Tango z matką

W „Obietnicy poranka” żadne z bohaterów nie może obejść się bez drugiego. Romain Gary jest pod ciągłą presją ze strony rodzicielki. Nina Kacew zaś poświęca dla syna wszystko.

17.07.2018

Czyta się kilka minut

Charlotte Gainsbourg jako Nina Kacew w filmie „Obietnica poranka” / MAT. PRASOWE AURORA FILMS
Charlotte Gainsbourg jako Nina Kacew w filmie „Obietnica poranka” / MAT. PRASOWE AURORA FILMS

Język polski słychać w tym filmie wielokrotnie, również w jego bardziej siarczystej odmianie, lecz nie o sentymentalnych związkach Romaina ­Gary’ego z naszym krajem traktuje „Obietnica poranka”. Francuski reżyser Éric Barbier przenosząc na ekran autobiograficzną powieść z 1960 r. odtwarza wieloetapową podróż z Wilna lat 20., gdzie autor przyszedł na świat wraz z pierwszą wojną światową, do Meksyku lat 60., gdzie skończył rzeczoną książkę, choć podąża równolegle jeszcze inną trajektorią. Wyznacza ją postać Niny Kacew, silnej żydowskiej matki, która wymyśliła i poniekąd stworzyła Gary’ego – genialnego pisarza, bohatera wojennego, wziętego dyplomatę. Tę postać, którą dziś nazwalibyśmy matką toksyczną, gra „z pazurem”, także po polsku, Charlotte Gainsbourg. I to ona jest największą siłą filmu.

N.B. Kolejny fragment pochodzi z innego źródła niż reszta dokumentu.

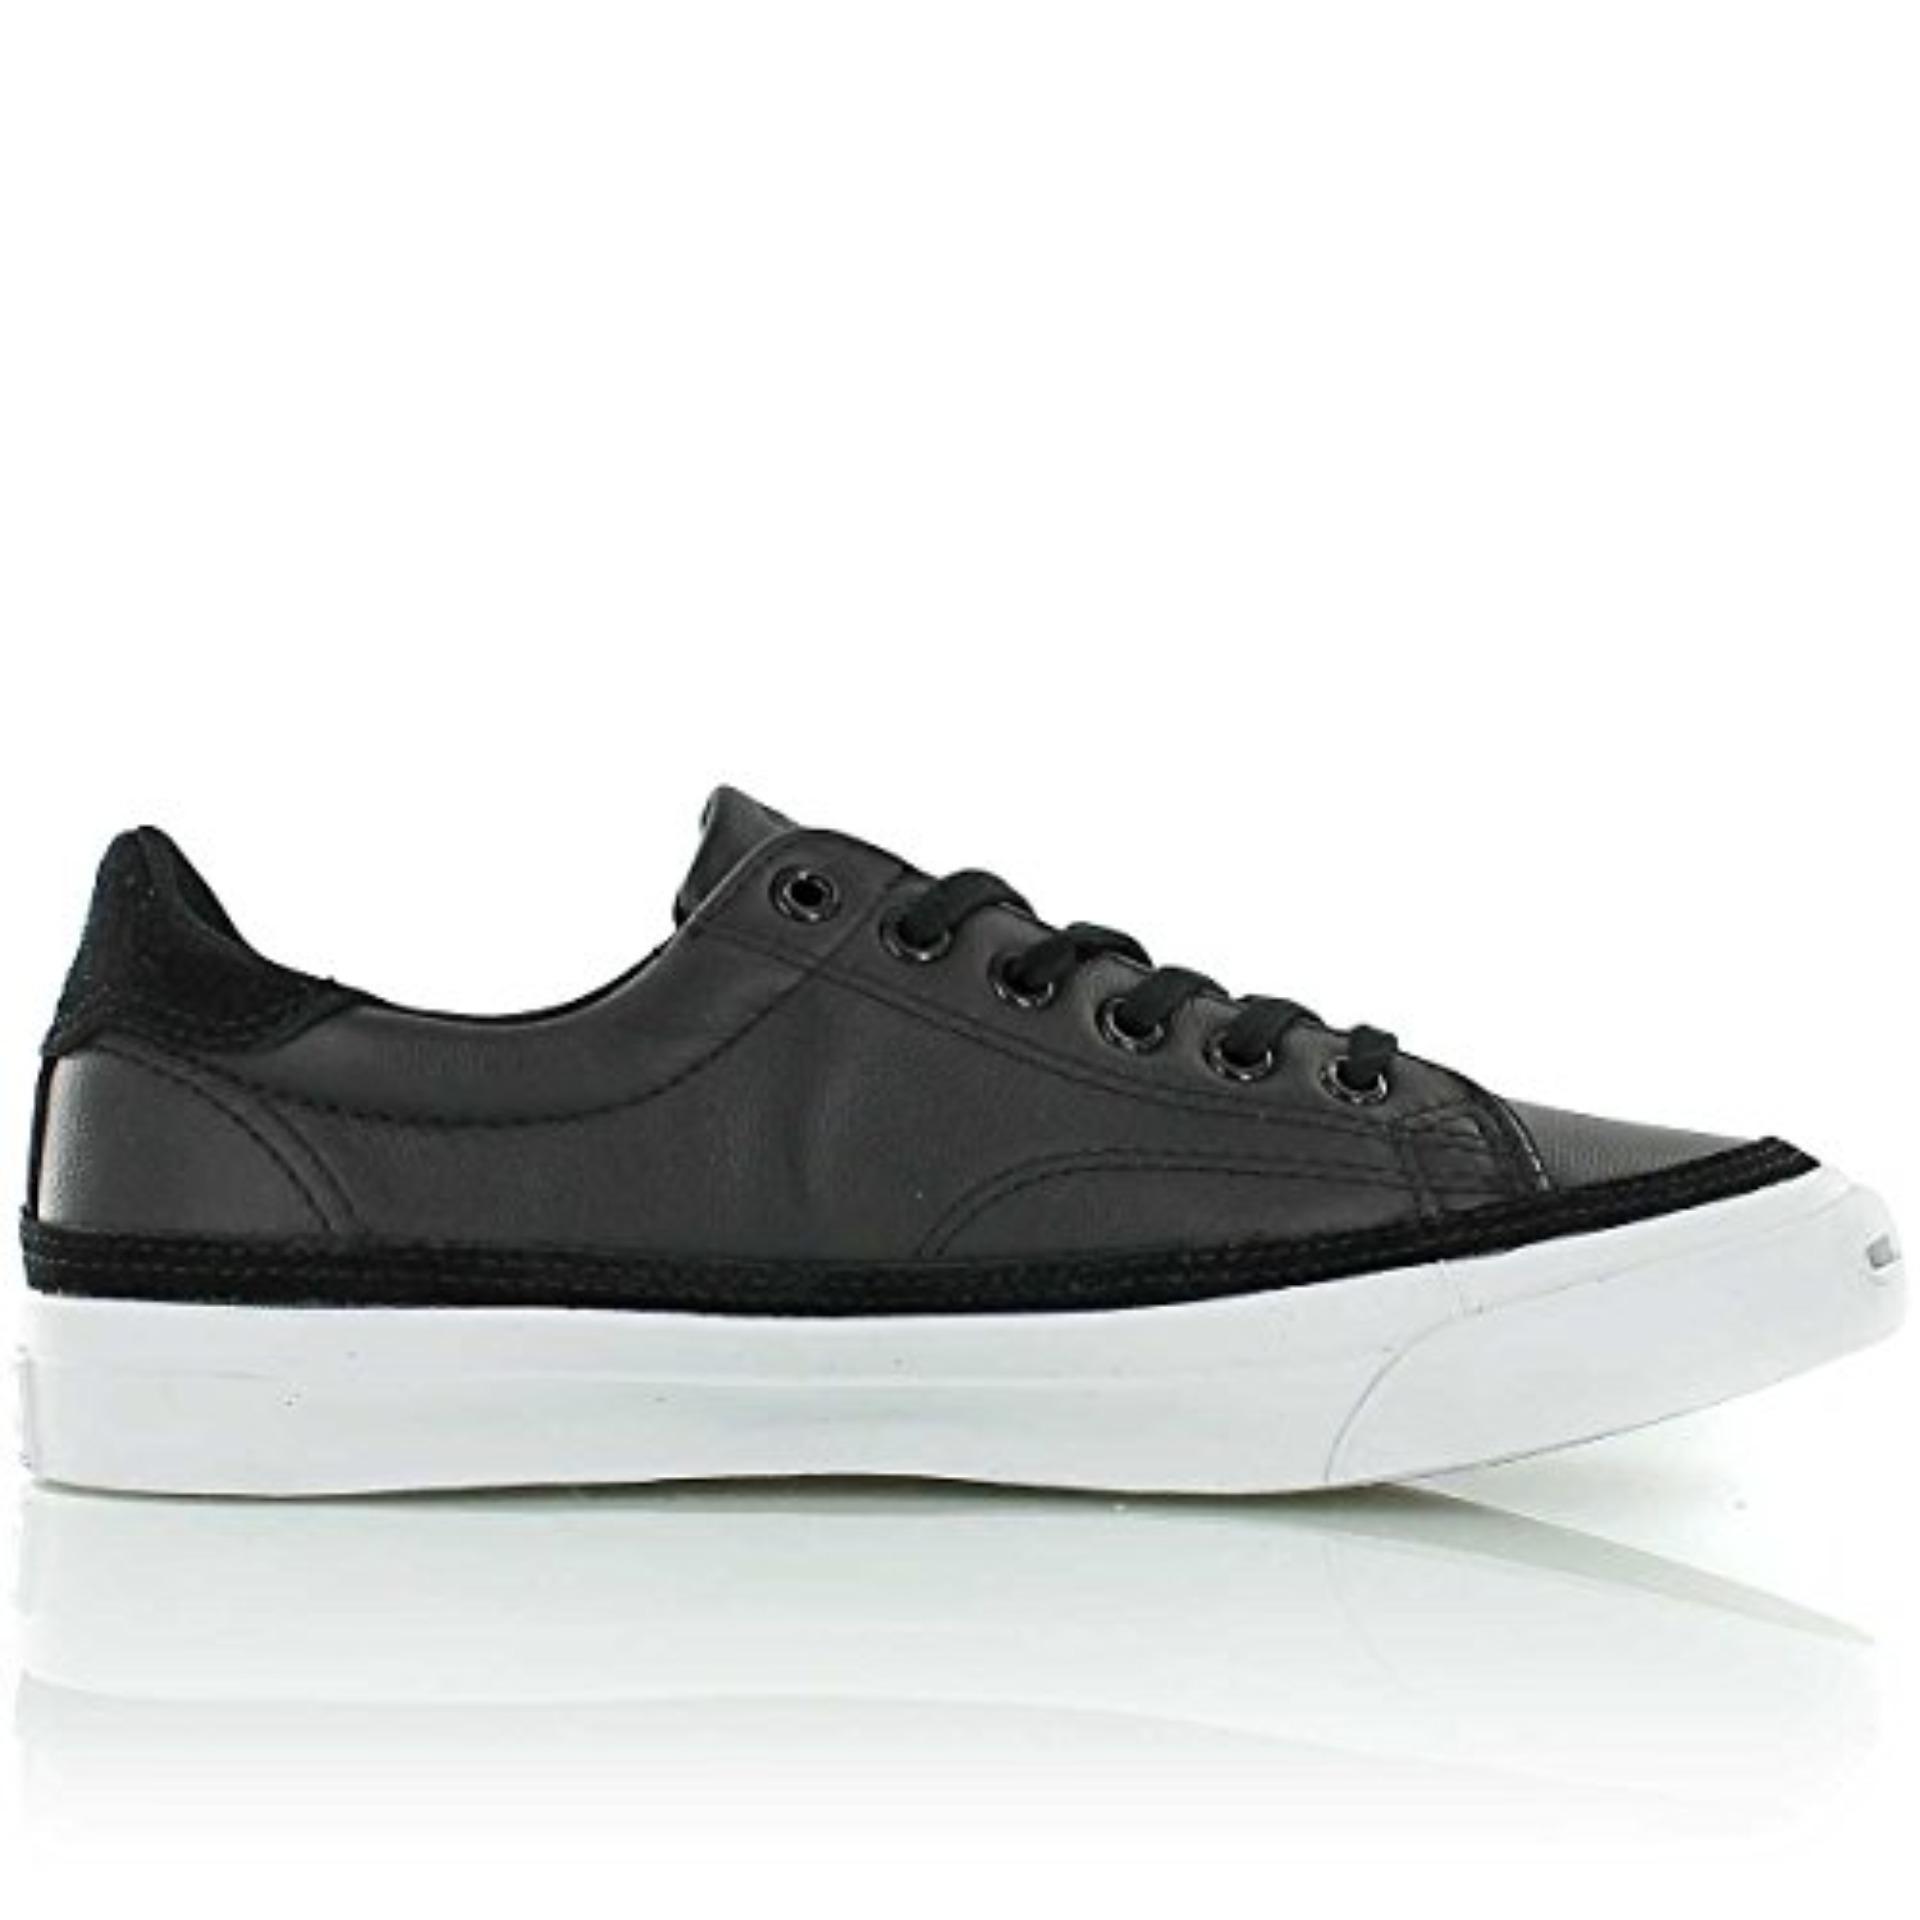 Converse Jack Purcell II OX Leather Sepatu Sneakers Pria

Dla psychoanalityków taka biografia byłaby nie lada gratką. Jest w „Obietnicy poranka” retrospektywna scena, w której mały Romain po przeprowadzce z zimnej Polski do słonecznej Nicei wykonuje radosny skok do morza. Za chwilę wynurza się z fal już jako młodzieniec, ale na brzegu nadal czeka matka z ręcznikiem i nieodłącznym papierosem w kąciku ust. Ta jakże znacząca elipsa określi całe jego przyszłe życie – na dobre i na złe. Barbier nie wyrokuje przy tym, na ile edypalna relacja ukształtowała wyjątkowość Gary’ego, a na ile go zniszczyła (w 1980 r. strzeli sobie w usta). Gainsbourg potrafi bowiem wyrazić całą złożoność swej bohaterki: samotnej matki-wilczycy walczącej do upadłego o byt i godność, a zarazem niespełnionej aktorki popychającej syna ku sławie za pomocą regularnego prania mózgu, ostrej tresury i emocjonalnego szantażu. To postać zwariowana, większa niż życie, kreująca rzeczywistość i ludzi podług własnych fantazji. W czasach wileńskich ze skromnej modystki przeistacza się, dzięki iście teatralnej inwencji, we właścicielkę prestiżowego salonu haute couture. Jako uboga imigrantka na Lazurowym Wybrzeżu zrazu wyprzedaje rodzinne srebra, by już za chwilę zamienić się w przedsiębiorczą ­bizneswoman, którą stać na opłacenie jedynakowi paryskich studiów. Po drodze, w 1938 r., przygotowuje – a jakże! – zamach na Hitlera i tylko troska o syna udaremni jej realizację tego przedsięwzięcia. Będzie czuwać nad Romainem nawet po swojej śmierci.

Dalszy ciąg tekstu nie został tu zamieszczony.